> [Source material]
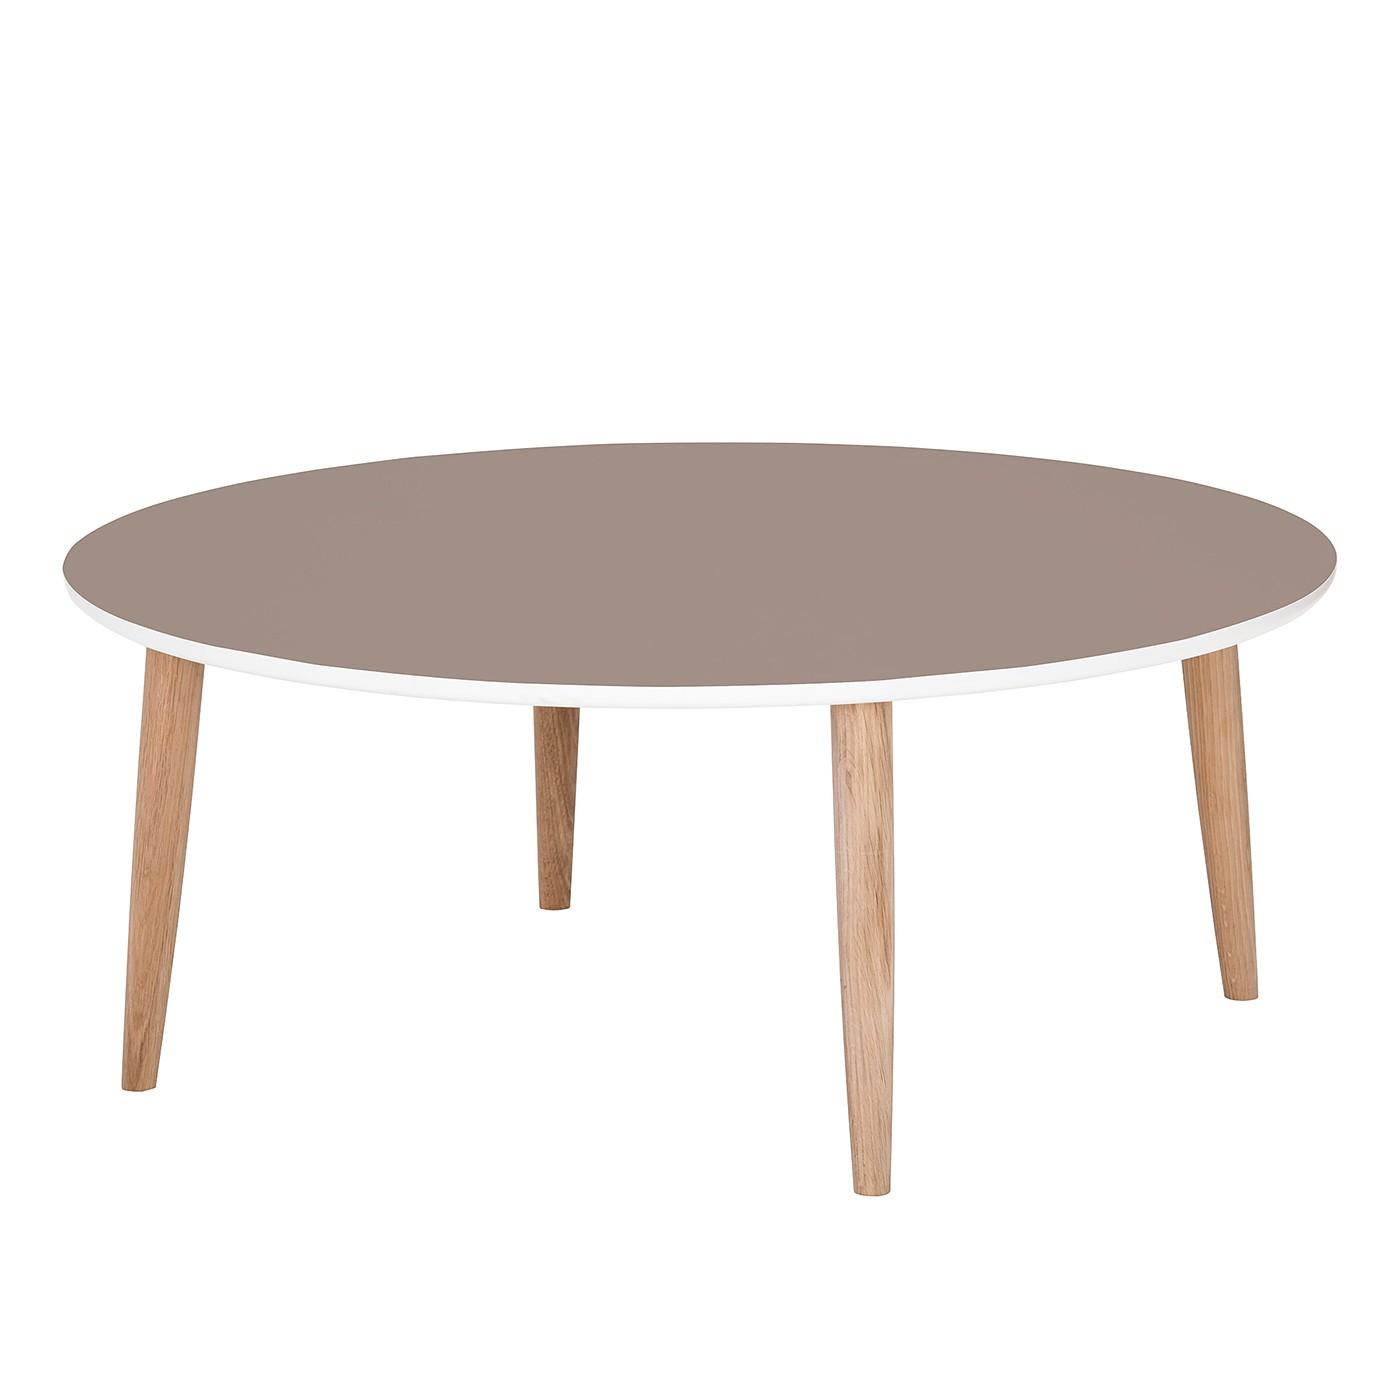 Couchtisch Beine Eiche Wir Bieten Ihnen Schnen Tisch An Die Sind Eine Grosse
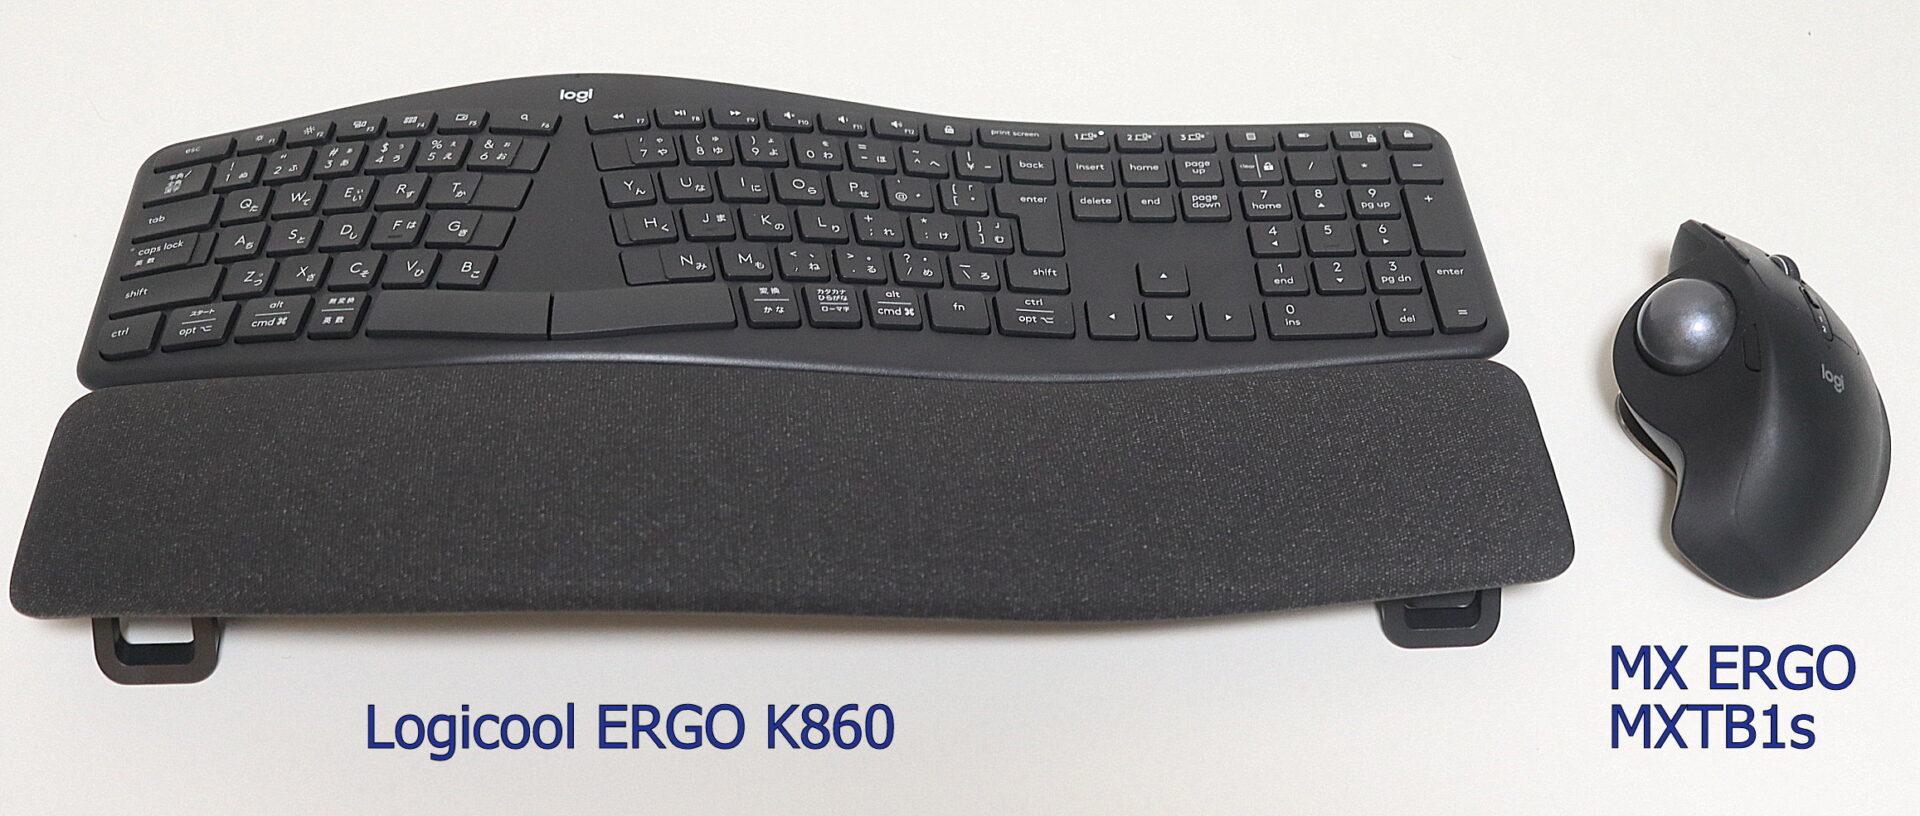 ロジクール ERGO K860 エルゴノミック スプリット キーボードのレビュー
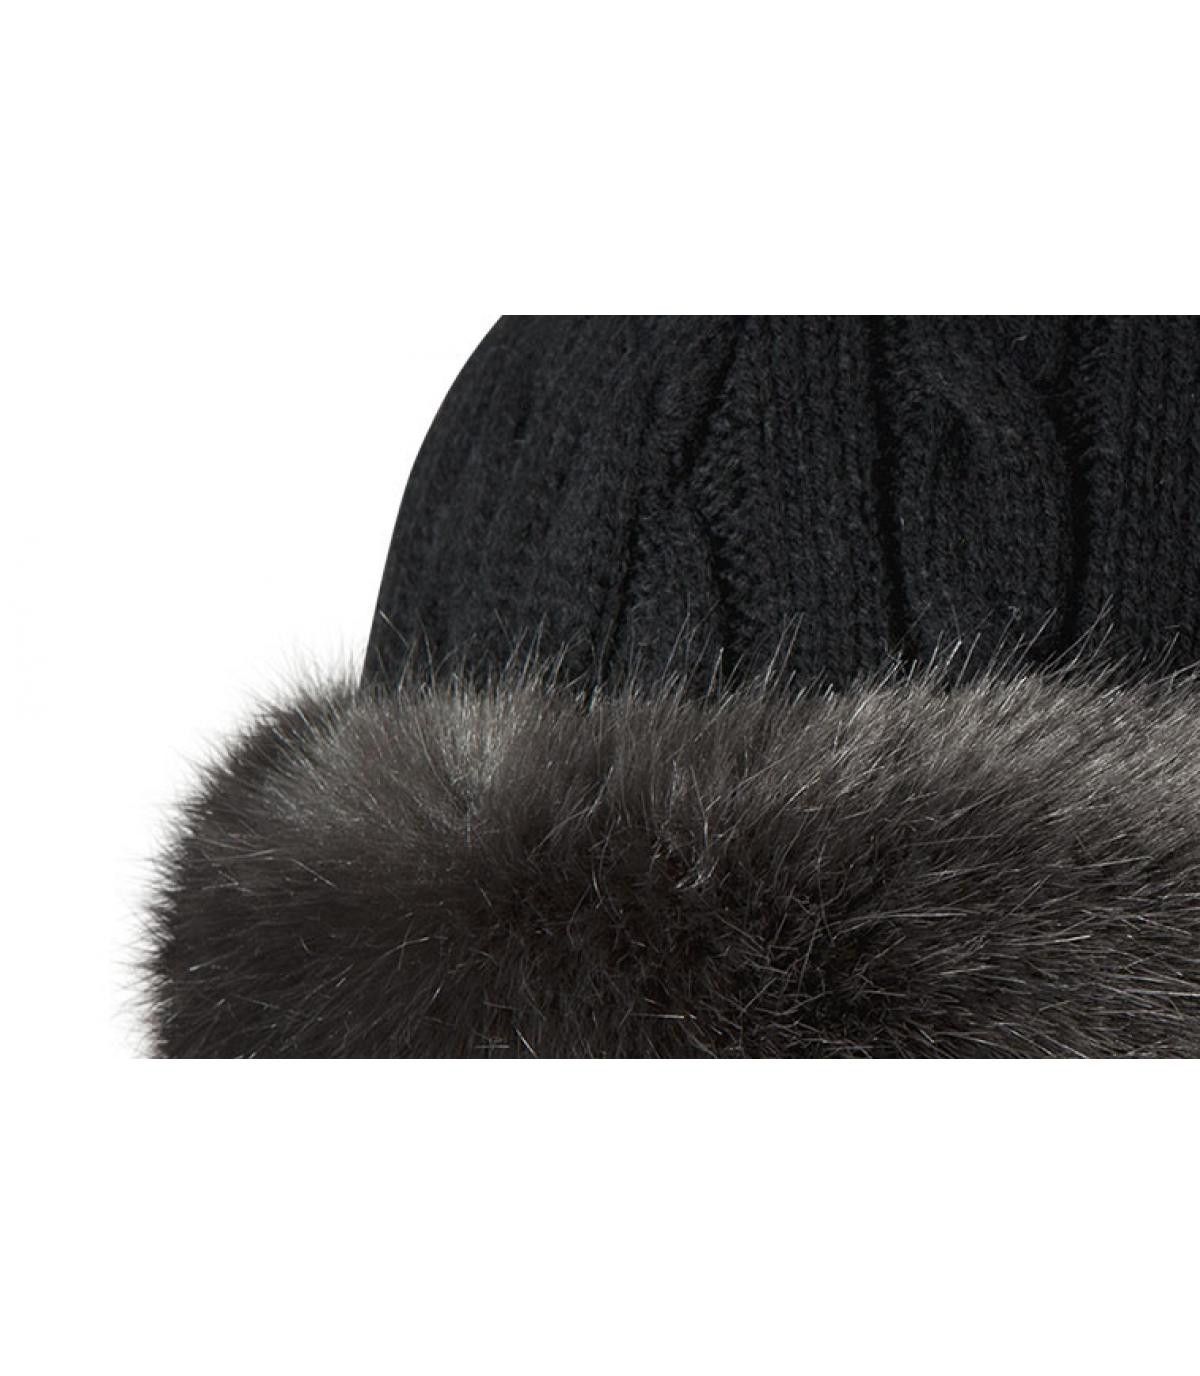 Details Bont hoed met kabelband grijs - afbeeling 2
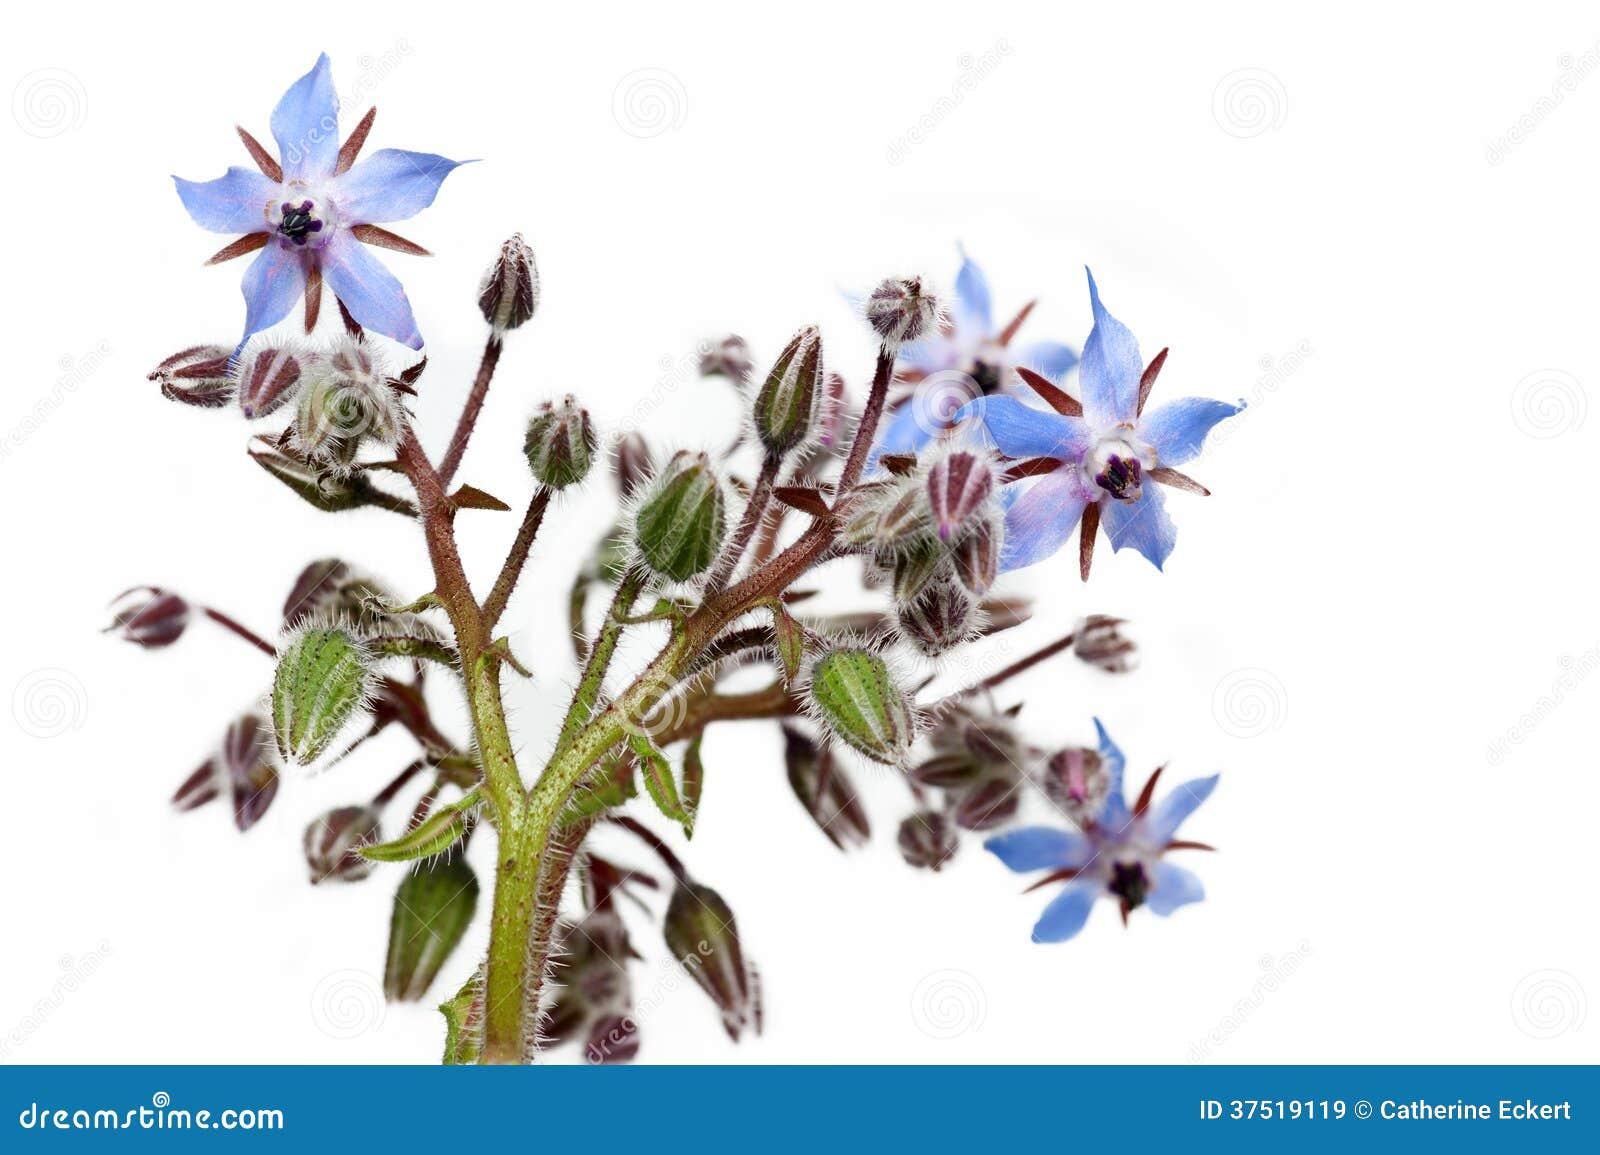 Fleurs De Bourrache Images libres de droits - Image: 37519119

> [What the task asks] Transcribe all the lines above exactly; any image among them is skipped.

> [Answer to this task]
 Couchtisch Beine Eiche Wir Bieten Ihnen Schnen Tisch An Die Sind Eine Grosse
 ロジクール ERGO K860 エルゴノミック スプリット キーボードのレビュー
 Details Bont hoed met kabelband grijs - afbeeling 2
 Fleurs De Bourrache Images libres de droits - Image: 37519119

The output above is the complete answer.